10. Redaction as code
Do not rely on every developer remembering what to redact.
Build redaction into shared infrastructure.
10.1 Sensitive annotation
@Retention(RetentionPolicy.RUNTIME)
@Target({ElementType.FIELD, ElementType.RECORD_COMPONENT})
public @interface Sensitive {
Sensitivity value();
}
public enum Sensitivity {
PII,
RESTRICTED,
SECRET
}
Example DTO:
public record PartyProfile(
String partyId,
@Sensitive(Sensitivity.PII) String fullName,
@Sensitive(Sensitivity.PII) String email,
@Sensitive(Sensitivity.RESTRICTED) String nationalId,
@Sensitive(Sensitivity.SECRET) String resetToken
) {}
10.2 Safe logging wrapper
public final class SafeLog {
private final Redactor redactor;
public SafeLog(Redactor redactor) {
this.redactor = redactor;
}
public Object field(String name, Object value) {
return redactor.redact(name, value);
}
}
Usage:
log.info("party lookup failed partyId={} reason={}",
safeLog.field("partyId", partyId),
reasonCode
);
Do not serialize full request bodies into logs unless a strict allowlist controls fields.
11. Allowlist beats denylist
A denylist says:
“Log everything except fields named password, token, secret.”
This fails when new sensitive fields appear:
credentialapiKeyauthorizationCodenationalIddocumentTextevidenceContent
An allowlist says:
“Only these approved fields may enter logs/traces/events.”
For sensitive systems, prefer allowlists at boundaries:
loggable_fields:
EscalateCaseRequest:
- caseId
- escalationReason
- expectedCaseVersion
12. Tokenization, pseudonymization, and encryption
These mechanisms solve different problems.
| Mechanism | What it does | Main use |
|---|---|---|
| Encryption | Makes data unreadable without key | Protect storage/transport |
| Hashing | One-way digest | Integrity, matching when salt/strategy is safe |
| Tokenization | Replaces sensitive value with token | Reduce exposure in downstream systems |
| Pseudonymization | Replaces direct identity with pseudonym | Reduce linkability, still reversible/relatable under controls |
| Anonymization | Removes ability to identify individual | Analytics/public sharing, hard to guarantee |
| Redaction | Removes/masks data from output | Logs, UI, exports, support tooling |
Encryption is not minimization.
Encrypted personal data is still personal/sensitive data if the organization can decrypt or link it.
13. Field-level access control
A user may be allowed to view a case but not every field in the case.
Example:
{
"caseId": "case-123",
"status": "UNDER_REVIEW",
"party": {
"partyId": "party-456",
"displayName": "Jane D.",
"nationalId": "REDACTED"
}
}
Field-level access should be based on:
- Role/permission
- Purpose
- Case assignment
- Tenant
- Jurisdiction
- Sensitivity level
- Break-glass status
- Data subject relationship
- Time-bound authorization
13.1 Java field projection model
public record CaseViewPolicy(
boolean canSeePartyName,
boolean canSeeNationalId,
boolean canSeeEvidenceSummary,
boolean canSeeInternalNotes
) {}
public CaseResponse toResponse(CaseAggregate aggregate, CaseViewPolicy policy) {
return new CaseResponse(
aggregate.id().value(),
aggregate.status().name(),
policy.canSeePartyName() ? aggregate.partyName() : "REDACTED",
policy.canSeeNationalId() ? aggregate.nationalId() : "REDACTED",
policy.canSeeEvidenceSummary() ? aggregate.evidenceSummary() : null,
policy.canSeeInternalNotes() ? aggregate.internalNotes() : null
);
}
Do not rely on frontend hiding alone.

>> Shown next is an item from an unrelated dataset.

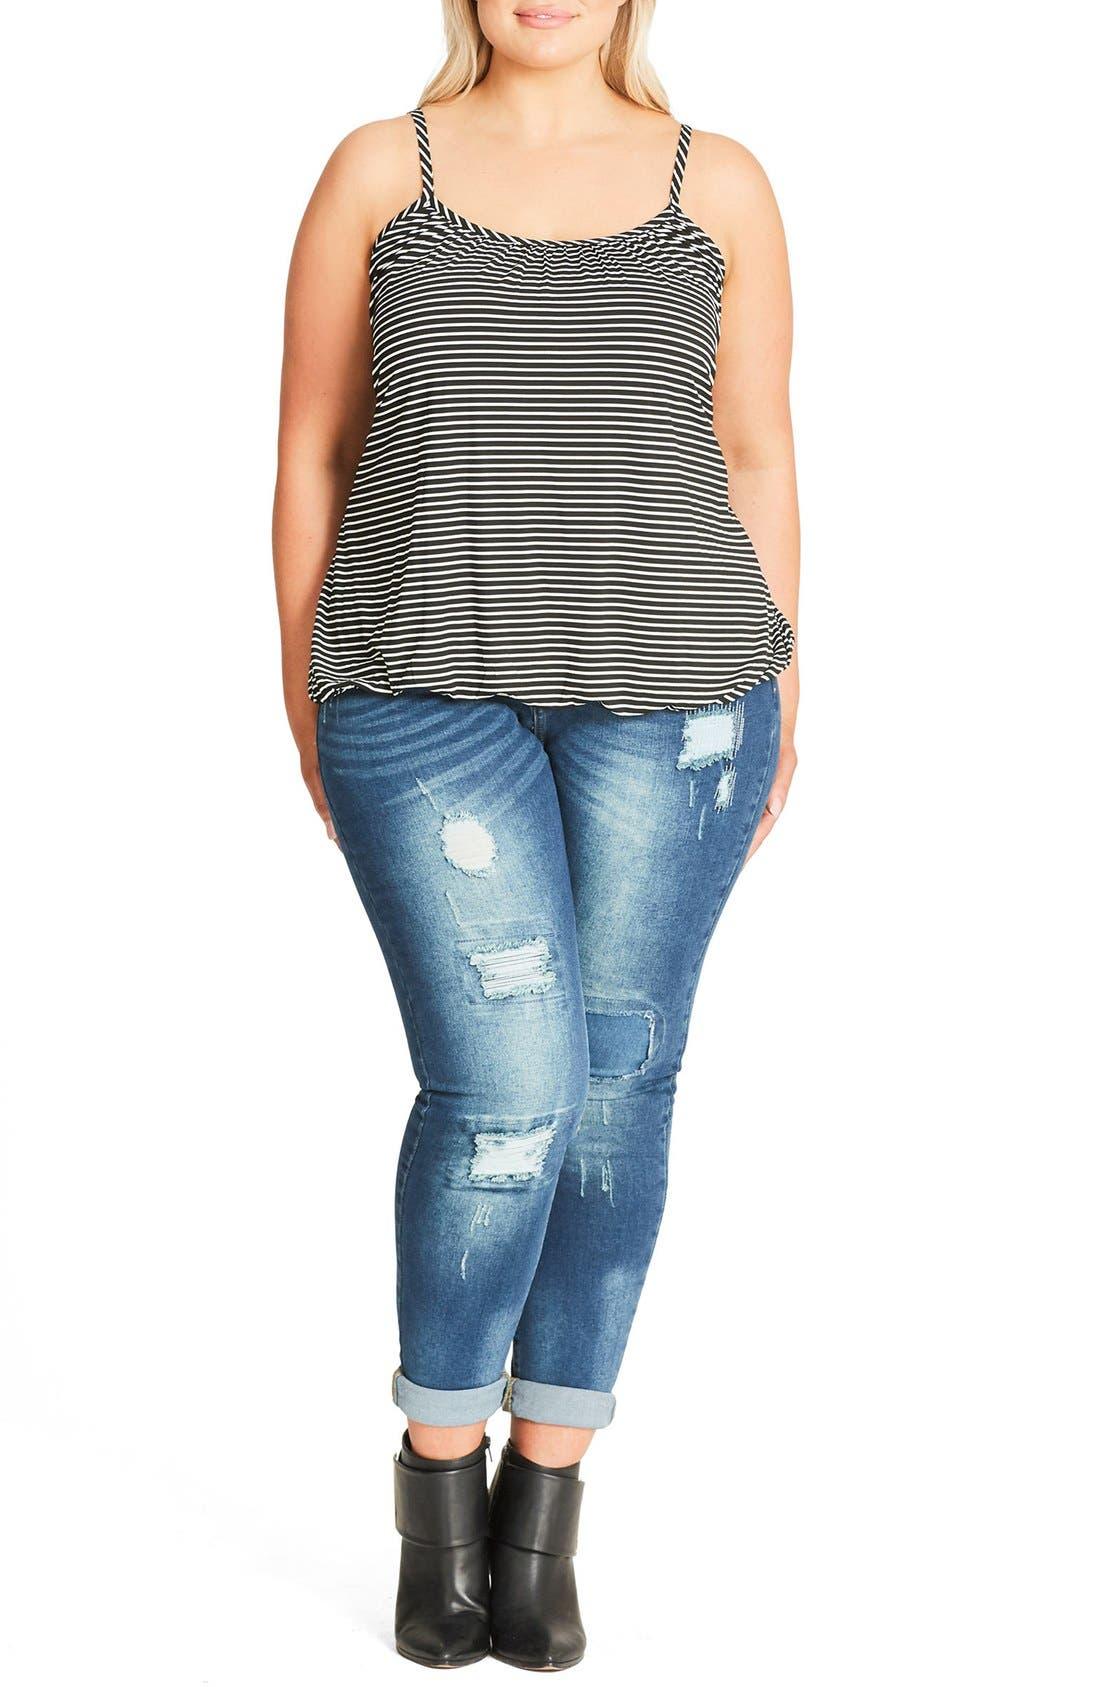 Alternate Image 1 Selected - City Chic Stripe Bubble Hem Camisole (Plus Size)

Redaction must happen server-side.
14. Sensitive data in workflow engines
Workflow variables are often overlooked.
A workflow engine may persist variables for a long time. If you store full personal/evidence data as workflow variables, the workflow database becomes another sensitive data store.
Prefer:
{
"caseId": "case-123",
"partyRef": "party-456",
"evidenceBundleRef": "evidence-bundle-789",
"riskCategory": "HIGH"
}
Avoid:
{
"partyName": "Jane Doe",
"nationalId": "...",
"evidenceText": "full evidence content..."
}
Workflow should hold references and state, not unnecessary sensitive payloads.
15. Sensitive data in DLQ and retry systems
Dead-letter queues are production graveyards for bad payloads.
They often retain:
- Raw command payloads
- Raw event payloads
- Error stack traces
- Failed export data
- Third-party responses
- Authentication headers
A DLQ must have:
- Retention limit
- Access control
- Redaction/field minimization
- Replay authorization
- Replay audit trail
- Poison payload quarantine
- Deletion policy
Do not let DLQ become an ungoverned long-term data lake.

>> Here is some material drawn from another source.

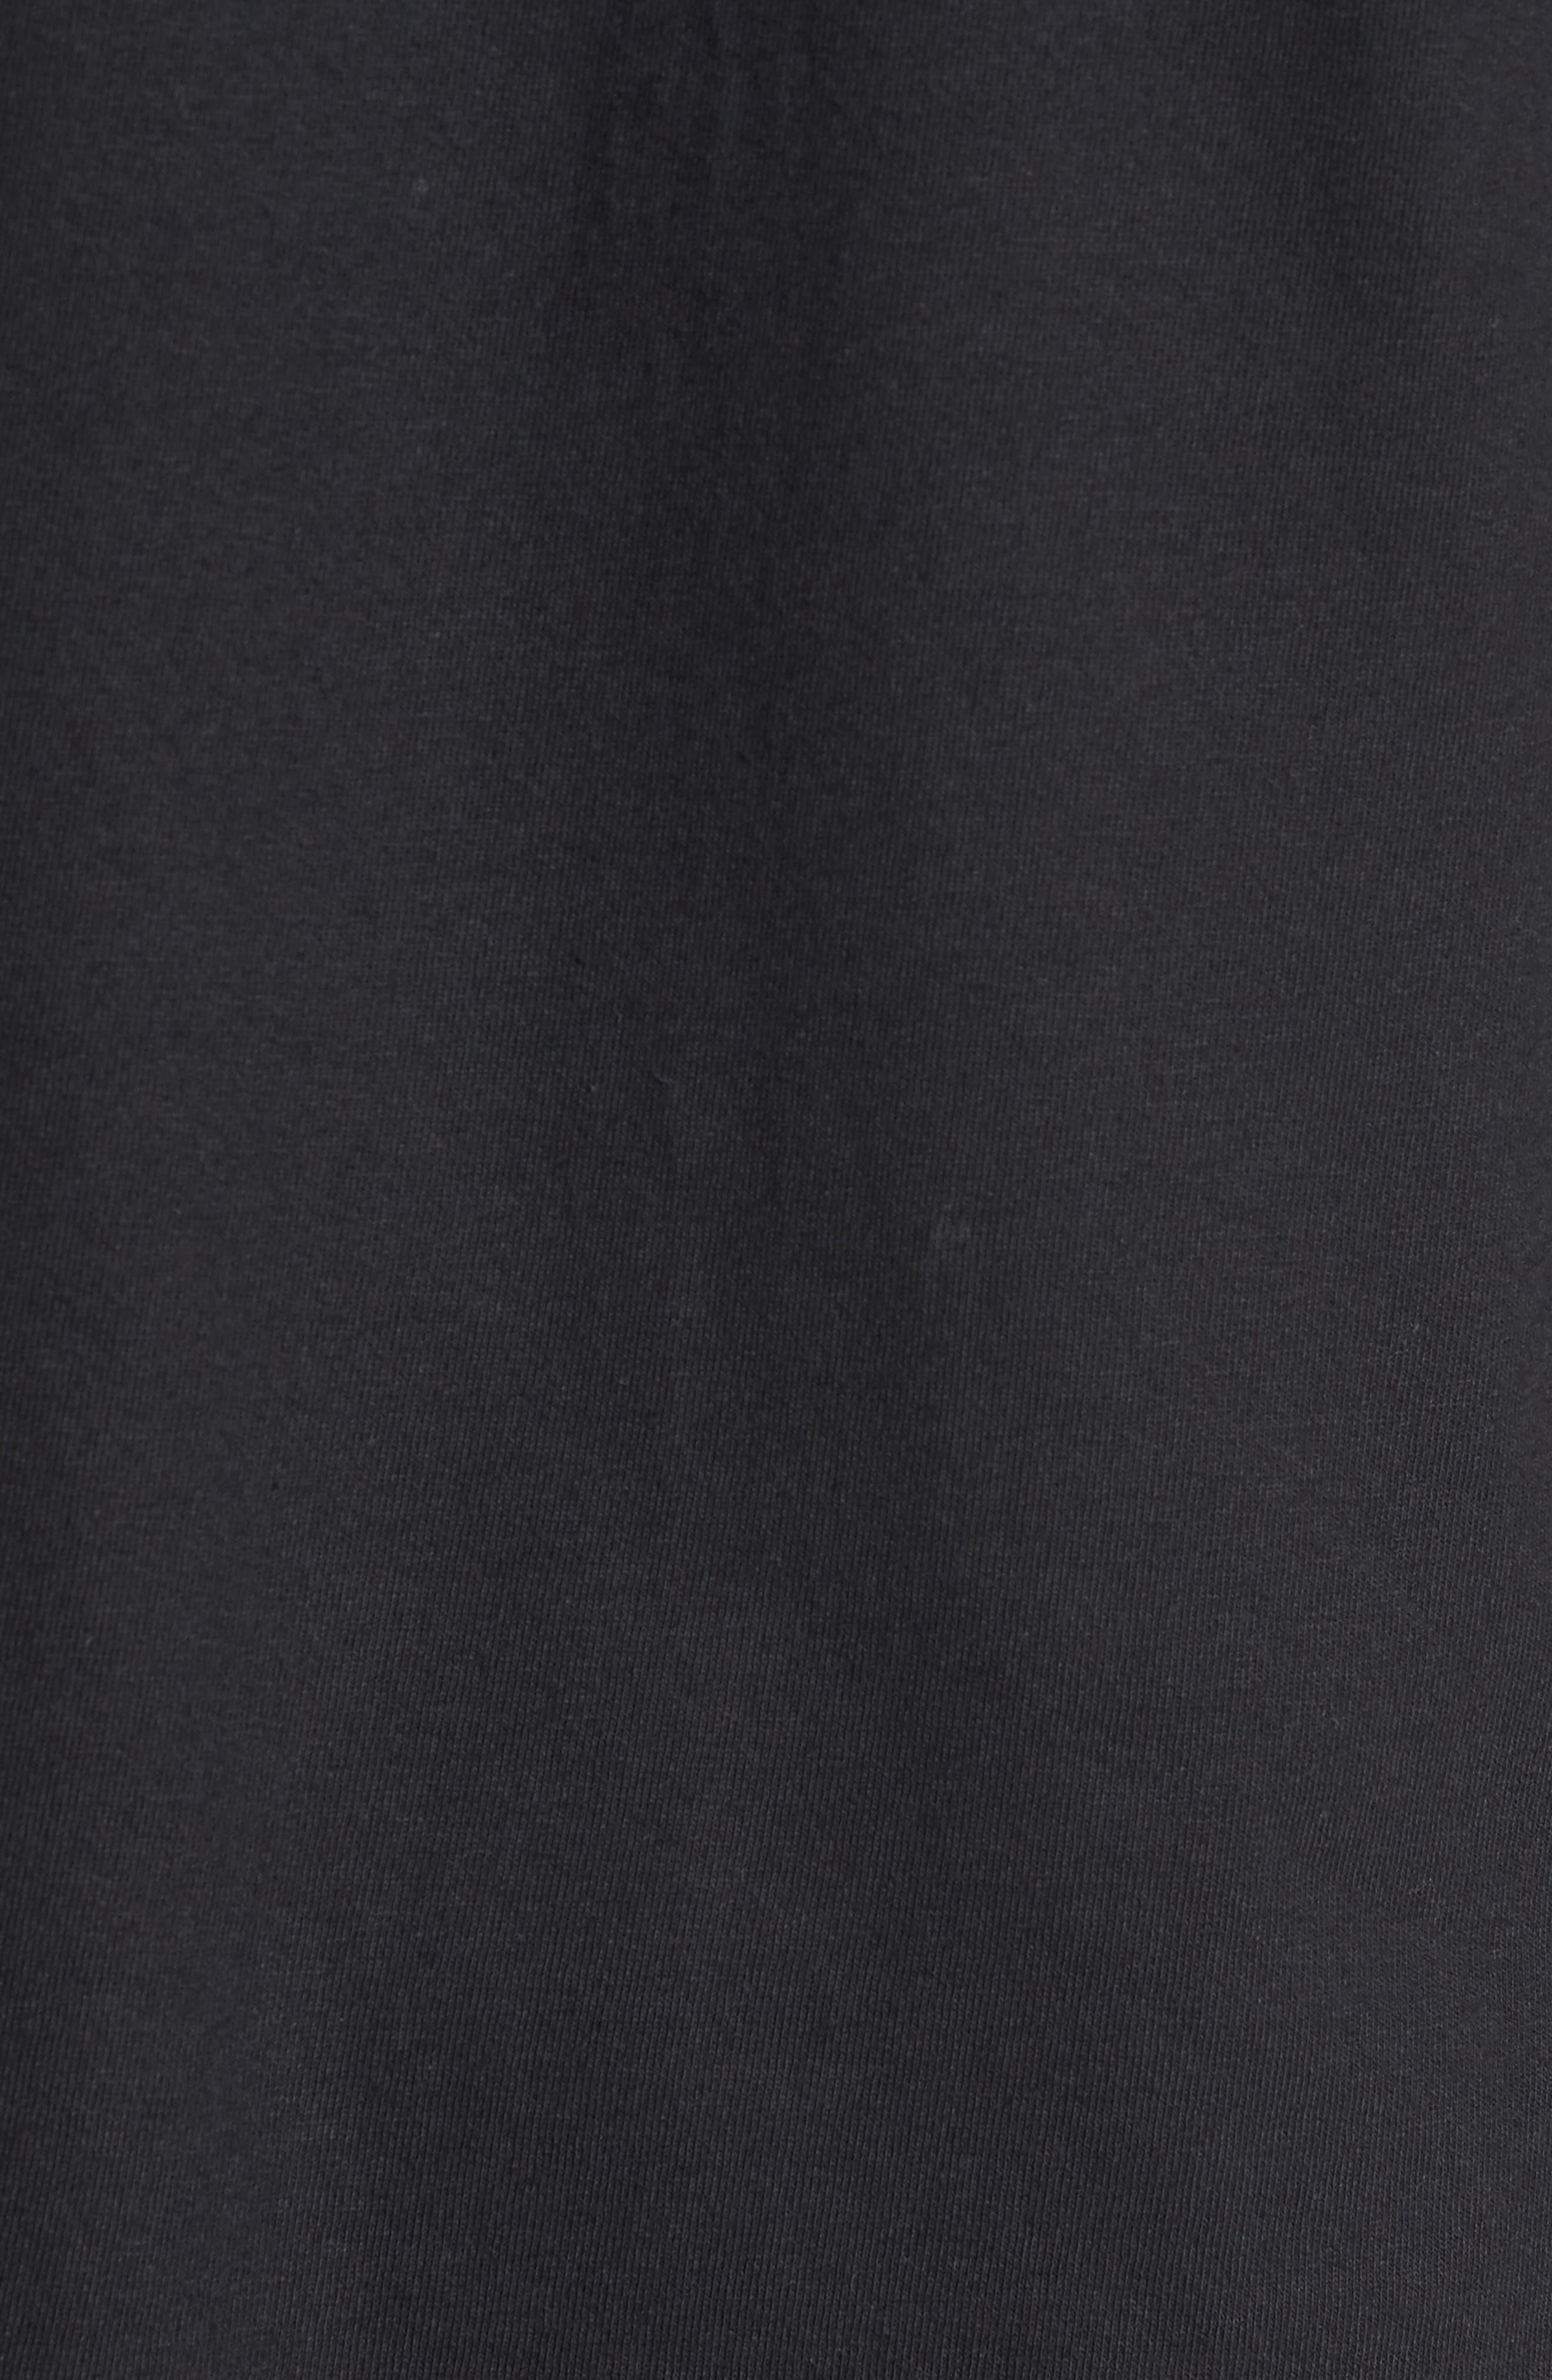 Ice Cube T-Shirt,                             Alternate thumbnail 5, color,                             001

16. Caches, search indexes, and read models
Duplication is normal in microservices, but every duplicate copy increases privacy scope.
For every cache/read model/search index, define:
- Source owner
- Fields copied
- Purpose
- Refresh mechanism
- Staleness tolerance
- Retention/TTL
- Deletion/redaction propagation
- Encryption
- Access control
- Rebuild process
- Breach impact
16.1 Search index danger
Search indexes often tokenize and replicate sensitive text.
If evidence content, notes, allegations, or names are indexed, deletion/redaction must handle:
- Primary database
- Search index
- Cache
- Snapshots
- Backups
- Analytics copy
- Export history
Search is not a harmless performance optimization. It is a data-processing system.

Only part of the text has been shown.